Кроме того, в последние годы стало популярным для многих политологов, социологов, юристов, историков и ученых других специальностей заниматься военно-политической проблематикой и описание проблем международной и национальной безопасности. Как правило, ничего путного из этого не получается просто потому, что специалист по военно-политической проблематике должен быть, как и многоборец в некоторых видах спорта, специалистом сразу в нескольких областях, как минимум, в политической и военной теории, истории политики и военной истории, ориентироваться в военно-технической области и в целом ряде смежных областей — социологии, политологии, истории, экономике и пр. Как и многоборец, он может и не быть «мастером спорта» в каждом отдельном виде и дисциплине, но, как минимум, кандидатом в мастера он быть должен.

Кроме того, очень важно, чтобы такой специалист имел практический опыт работы в государственных структурах, связанных с международной и национальной безопасностью, — администрации президента, аппарате правительства, Федеральном Собрании, Совете безопасности, МИДе, МО и Генштабе, СВР и других.

Мой личный опыт свидетельствует, что только книжное знание исследователя в военно-политической области с практической точки зрения бесполезно. Даже тогда, когда за эти вопросы берется хороший специалист, например, юрист, профессор и Заслуженный деятель науки. Такой, как С.М. Иншаков[10]. Пример — одна из его работ. Краткая рецензия, например, на его книгу может быть сведена к следующим общим тезисам:

1. Она дает общее представление о том, как хорошие юристы-преподаватели смотрят на проблему национальной безопасности, т.е. на проблему, которая в принципе выходит за пределы их компетенций. Автор в целом ориентируется в предмете и относится к категории ученых, которые правильно понимают значение этого предмета, т.е. тем, кто имеет «правильную группу крови». Его теоретические и методологические посылы правильны, но банальны. Они были актуальны для дискуссии 90-х годов, а не в 2020 году. Сегодня — это прошлое. Работа — для студентов и аспирантов общего политологического профиля, хотя автор — хороший юрист и методолог.

 

Вместе с тем:

– автор бесконечно далек от политических реалий и деятельности администрации, Совбеза, МИДа и Минобороны, прежде всего в области военной безопасности. Его суждения по этим вопросам просто позиция добросовестного ученого-дилетанта. Тем более в работе вообще нет ничего, связанного с «ядерной моделью», хотя современный спор и стратегической стабильности — это спор не только о ядерном сдерживании (позиция МИДа — С. Рябков и его подробная концепция, которая доступна в открытой печати), а о широком военно-политическом сдерживании от внешней агрессии.

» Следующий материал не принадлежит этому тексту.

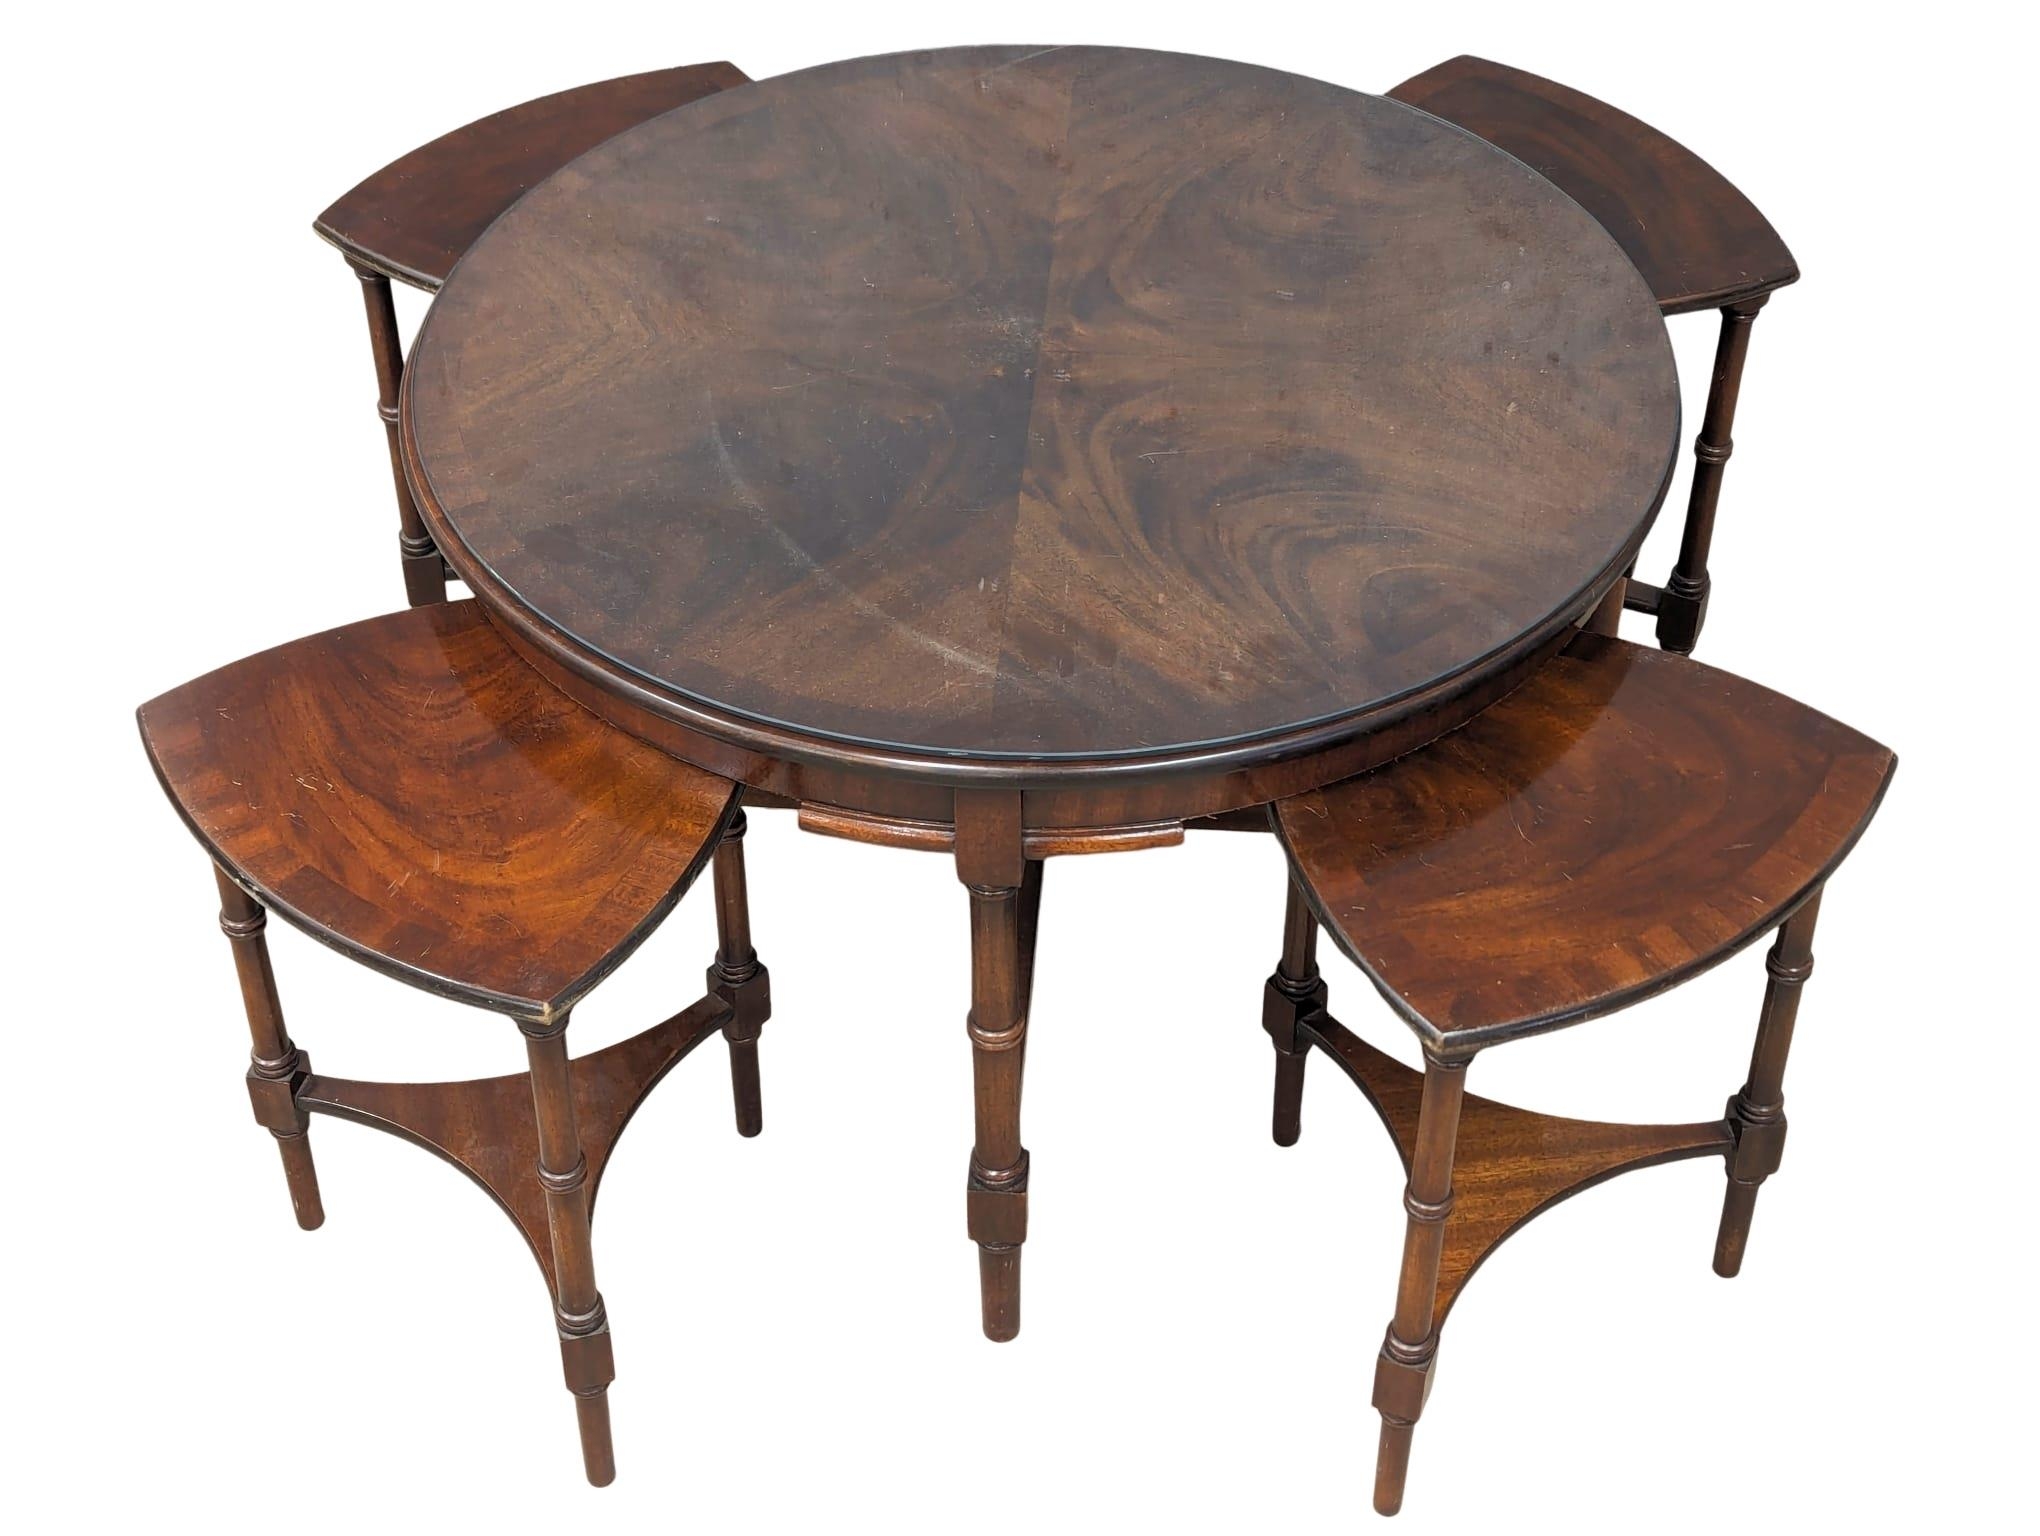 A mahogany coffee table with 4 nesting tables. 76x49cm - Image 6 of 7

– автор чутко уловил эволюцию предмета в 90-е годы, но «понаслышке». Я бы мог рассказать ему как в реальности появилась эта концепция (писал первую часть первого послания в 1994 г. и потом, в 1996 г., цитируемое им послание президента, а также концепцию создания и положения о Совбезе 1992 года и т. п, как и первую концепцию (И. Рыбкина) в 1997 году. Впрочем, в историю автор глубоко не уходил и его обзор в целом верен.

– автор напрасно ориентируется на работы последних лет, как правило, периферийных Вузов. Проблема не для них. В ней и в Москве-то никто не ориентируется серьезно, хотя работы всё-таки есть. Если бы автор поучаствовал в круглых столах Генштаба, Думы и Совфеда, он бы увидел ситуацию глубже. По книжкам областных универов многое не узнаешь. Впрочем, для студентов он рекомендует доступную и в целом нормальную литературу, которая для практиков и для ФОИВ не имеет никакой ценности.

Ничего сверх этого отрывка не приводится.